SOPs/miningSAMBAM – BaRC Wiki

Context Navigation

Version 24 (modified by byuan, 11 years ago) ( diff )
--

SAM/BAM summarizing, processing and quality control(QC)

Many of these involve samtools

Convert, sort, and/or index

# Convert SAM to BAM:
samtools view -bS -o foo.bam foo.sam

# Convert BAM to SAM:
samtools view -h -o foo.sam foo.bam

# Sort BAM file (where ".bam" is added to "foo.sorted")
samtools sort foo.bam foo.sorted

# Index a sorted BAM file (which creates foo.sorted.bam.bai):
samtools index foo.sorted.bam
    
# Both foo.sorted.bam and foo.sorted.bam.bai are needed for visualization.

All three steps (SAM=>BAM, sorting, and indexing) can be merged into one command. See

/nfs/BaRC_Public/BaRC_code/Perl/SAM_to_BAM_sort_index/SAM_to_BAM_sort_index.pl

Differences between SAM and BAM files

A BAM file is a binary version of a SAM file.
Both contain identical information about reads and their mapping.
A BAM file requires a header but a SAM file may not have one. (Use 'samtools view -h reads.bam' to print the header with the mapped reads.)
Many operations (such as sorting and indexing) work only on BAM files.
For almost any application that requires SAM input, this can be created on the fly from a BAM file (using 'samtools view reads.bam |').
BAM files take up much less space than SAM files.
For archiving purposes, keep only the BAM file. The SAM file can easily be regenerated (if ever needed).
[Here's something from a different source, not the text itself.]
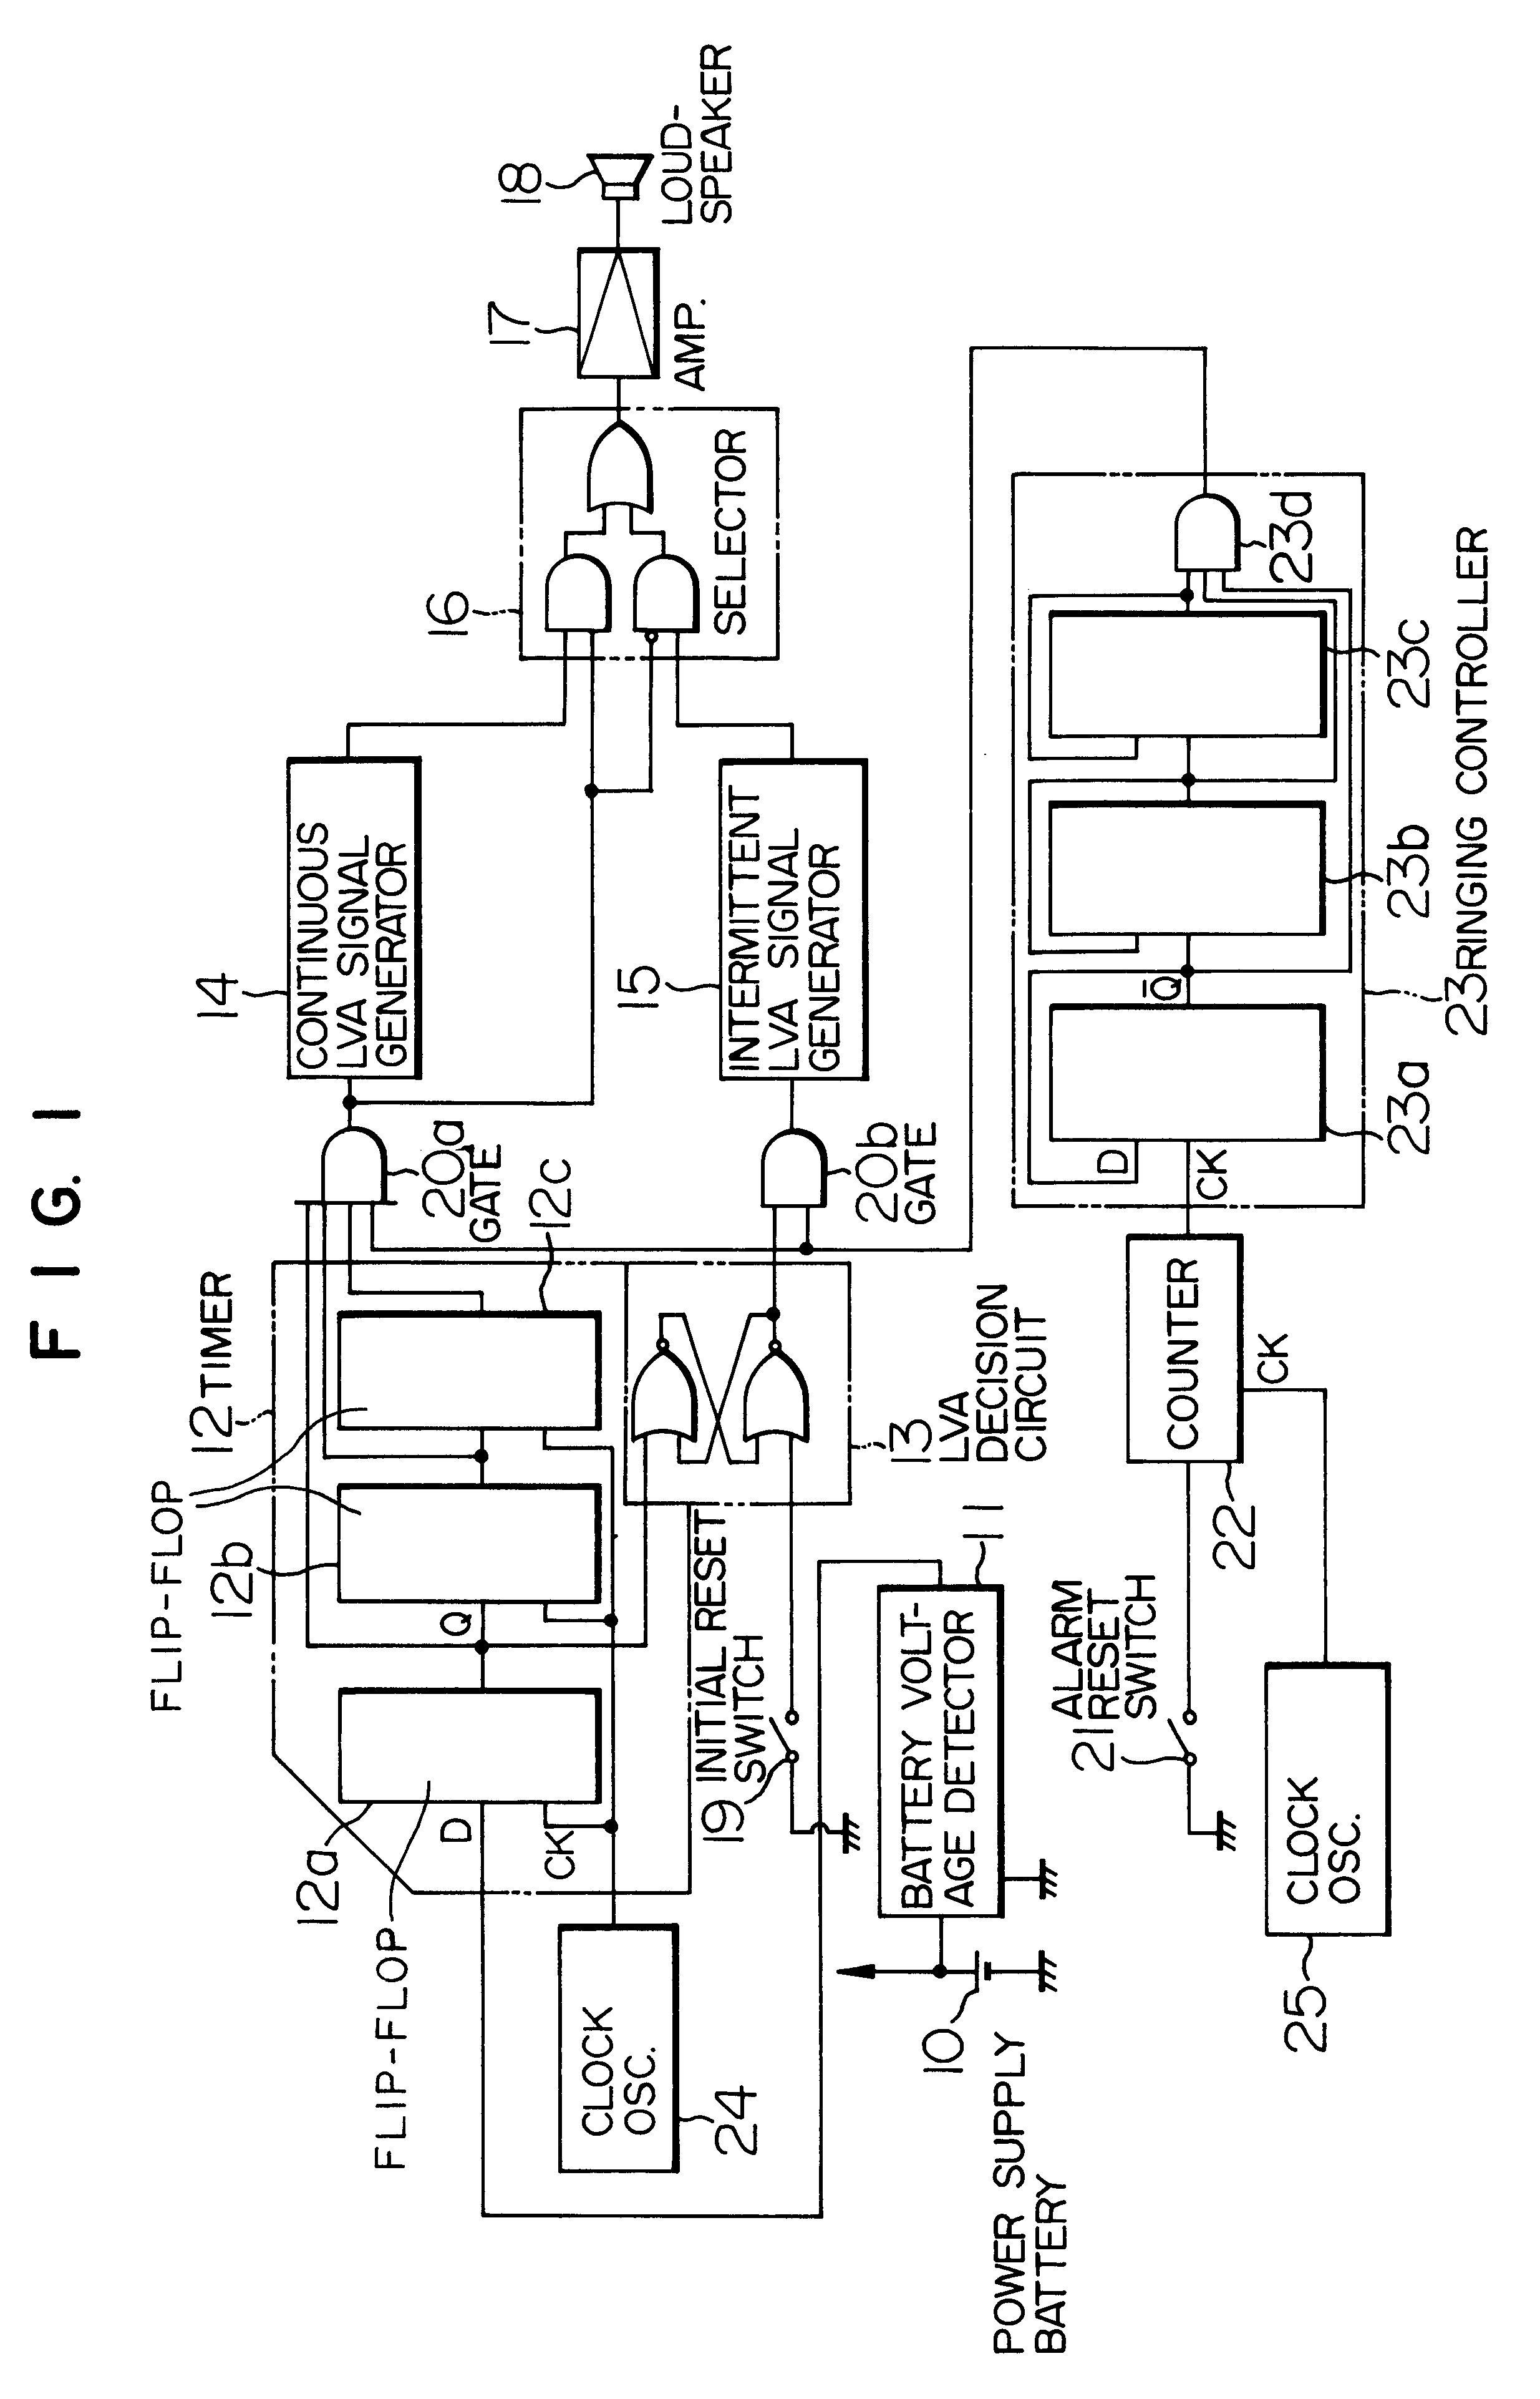 Battery voltage alarm apparatus

Modify a BAM file into another BAM file

In many cases, there's no need to create an intermediate SAM file. For example, to extract selected (mapped to chrM) reads:

samtools index accepted_hits.bam   # Required if you want to select a genome region (like chrM)
samtools view -h accepted_hits.bam chrM | samtools view -bS - > accepted_hits.chrM_only.bam

We need to keep the header to convert back to BAM (hence the '-h' with 'samtools view' and the '$1 ~ ...' with awk).
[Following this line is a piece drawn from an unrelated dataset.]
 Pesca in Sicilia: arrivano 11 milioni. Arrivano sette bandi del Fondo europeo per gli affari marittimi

Count the number of mapped reads

samtools flagstat mapped_unmapped.bam

Count the number of mapped reads by chromosome

# Method 1 (all chromosomes)
# 1 - Index the BAM file: 
samtools index mapped_reads.bam
# 2 - Get index statistics (including the number of mapped reads in the third column: 
samtools idxstats mapped_reads.bam

# Method 2 (one chromosome at a time, for example, chr2)
# From SAM
awk -F"\t" '$3 == "chr2" {print $1}' mapped_reads.sam | sort -u | wc -l
# From BAM
samtools view mapped_reads.bam chr2 | cut -f 1 | sort -u | wc -l

Remove unmapped reads

samtools view -hS -F 4 mapped_unmapped.sam > mapped_only.sam

How many multiple/uniquely mapped reads are in a bam/sam file?
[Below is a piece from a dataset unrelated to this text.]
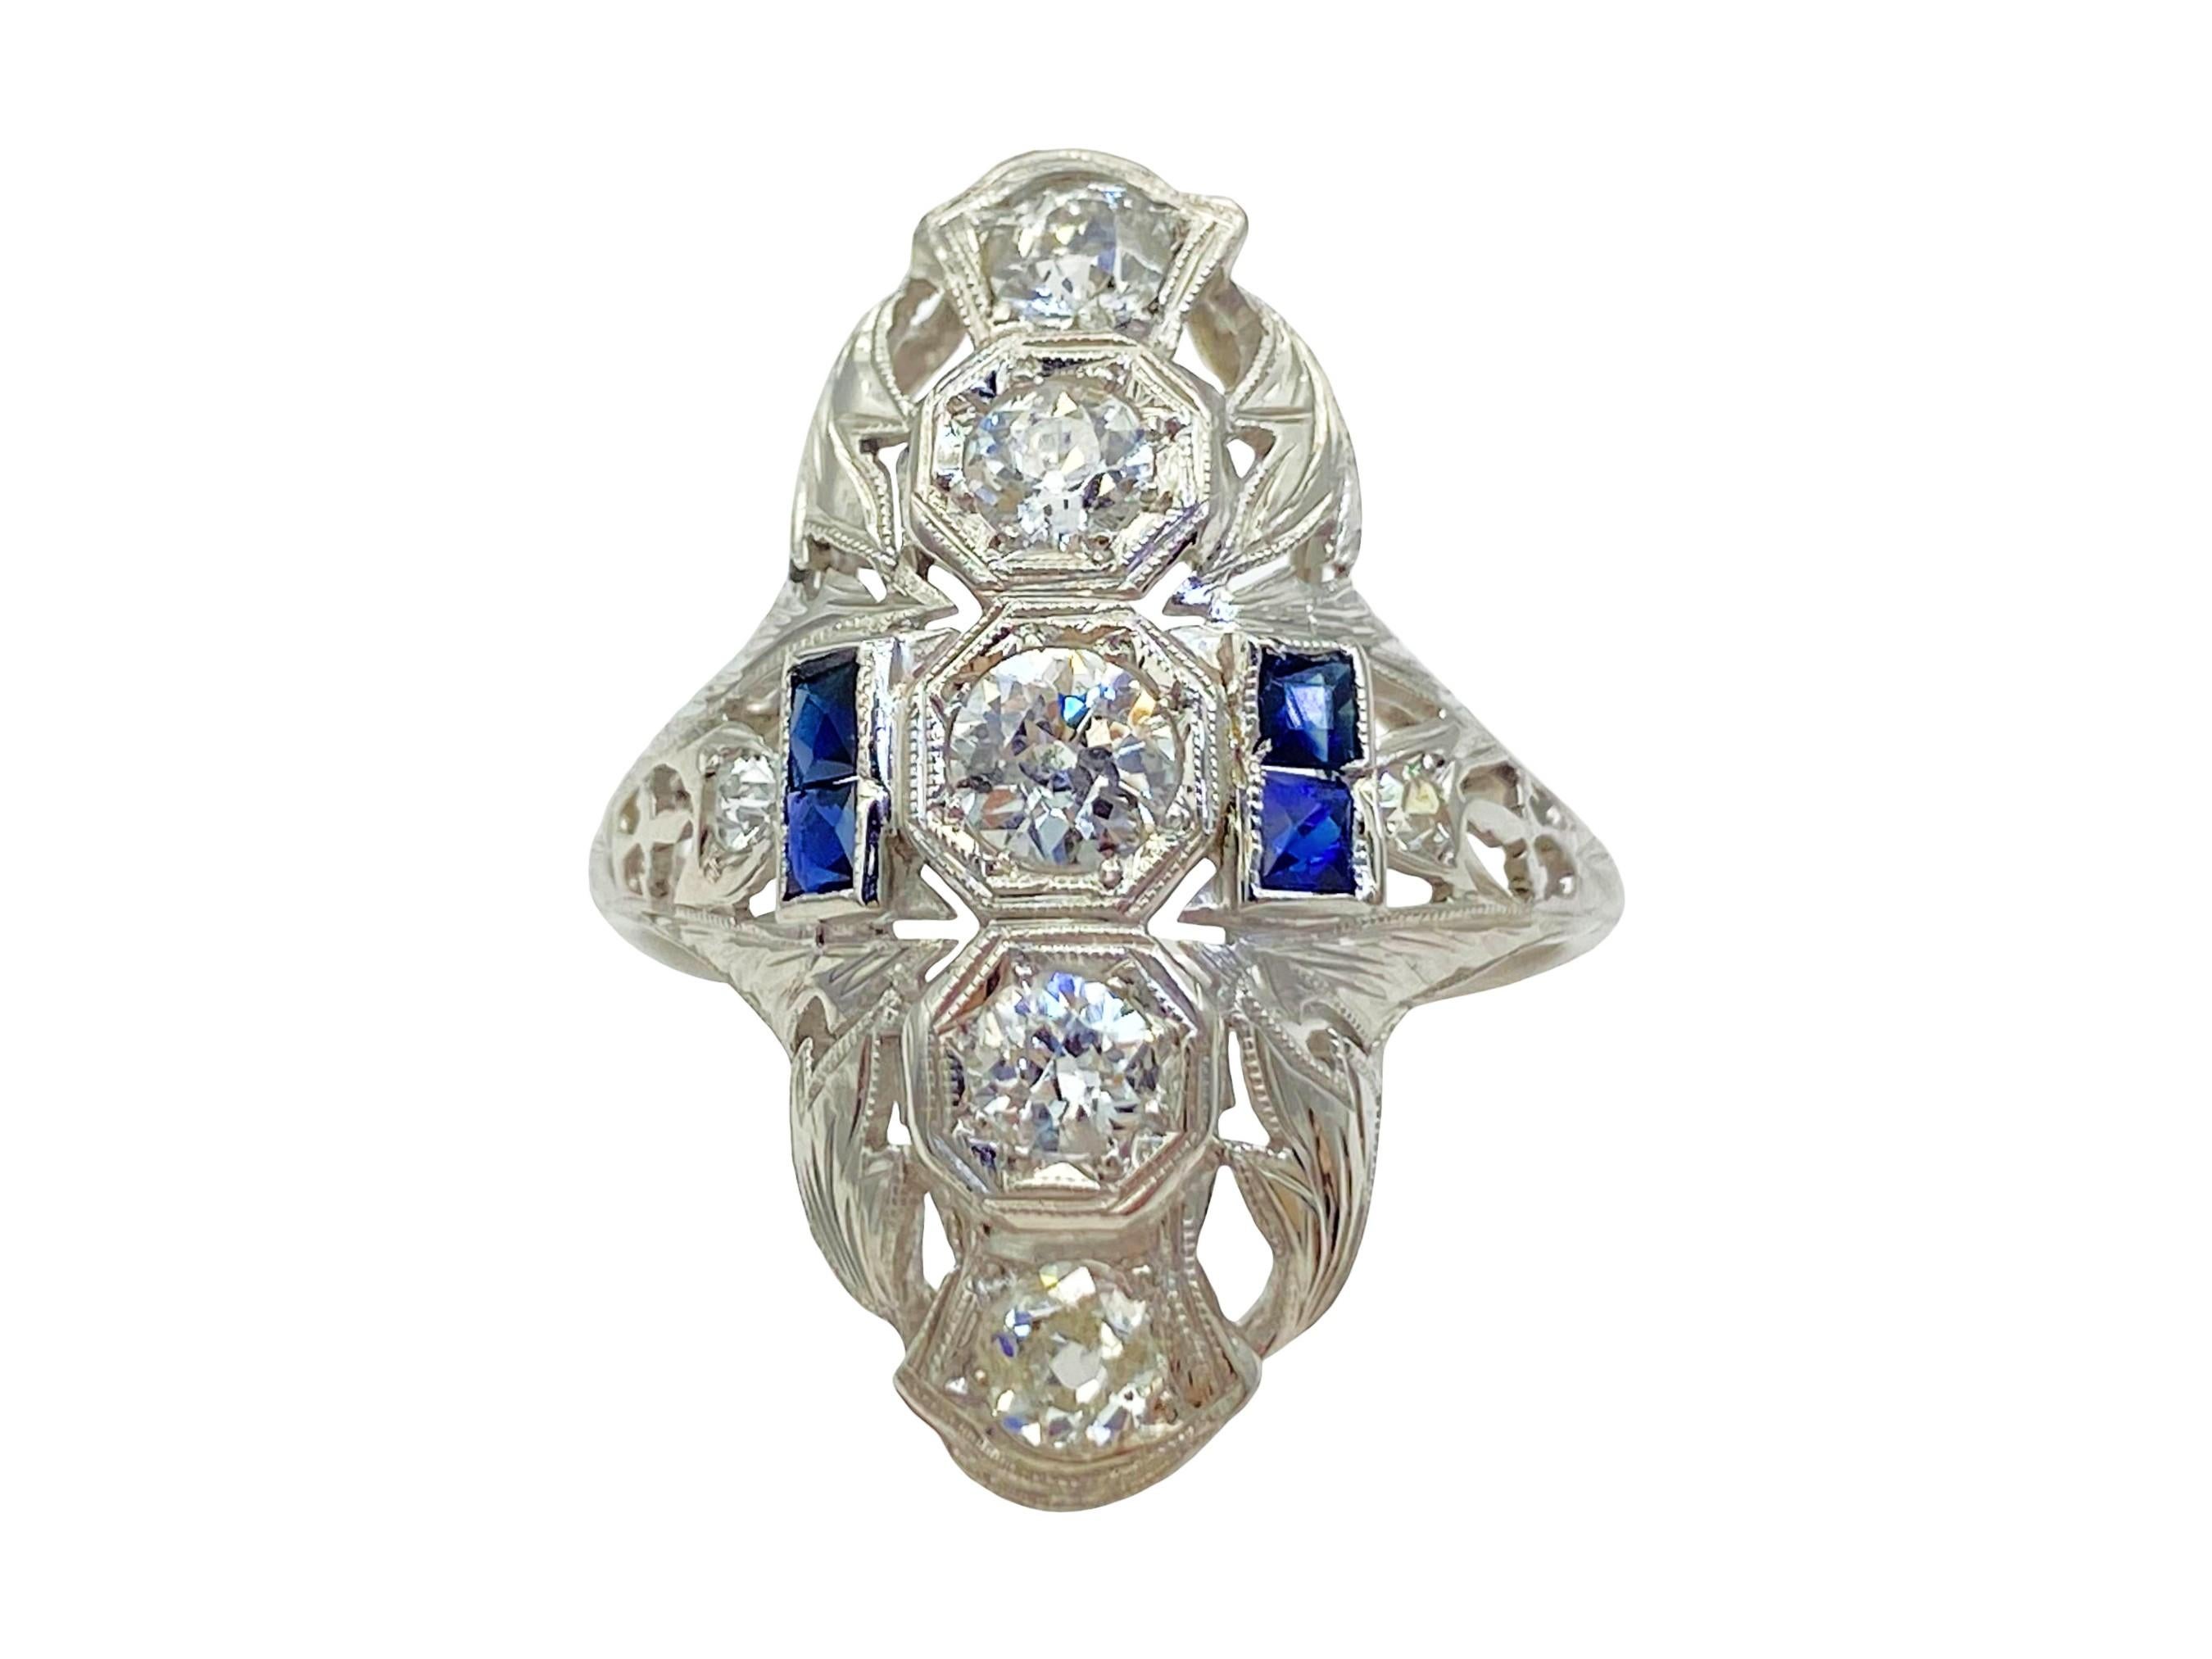 Il s'agit d'une bague ancienne en diamant et saphir naturel de style Arte Antiques, datant des années 1920. Cette magnifique bague est composée de 7 diamants et de 4 saphirs bleus naturels. Cinq diamants de taille européenne ancienne sont sertis

bam_stat.py -i mapped_reads.bam >& bam_stat.out.txt

View alignment with samtools

# -e: change identical bases to '='
samtools view -b accepted_hits.bam | samtools fillmd -e - /nfs/genomes/mouse_mm10_dec_11_no_random/fasta_whole_genome/mm10.fa | more

Get a list of multi-mapped reads, including the number of times each one was mapped

Tophat/bowtie mappers create the tag NH:i:XXX where XXX is the number of times the read has mapped.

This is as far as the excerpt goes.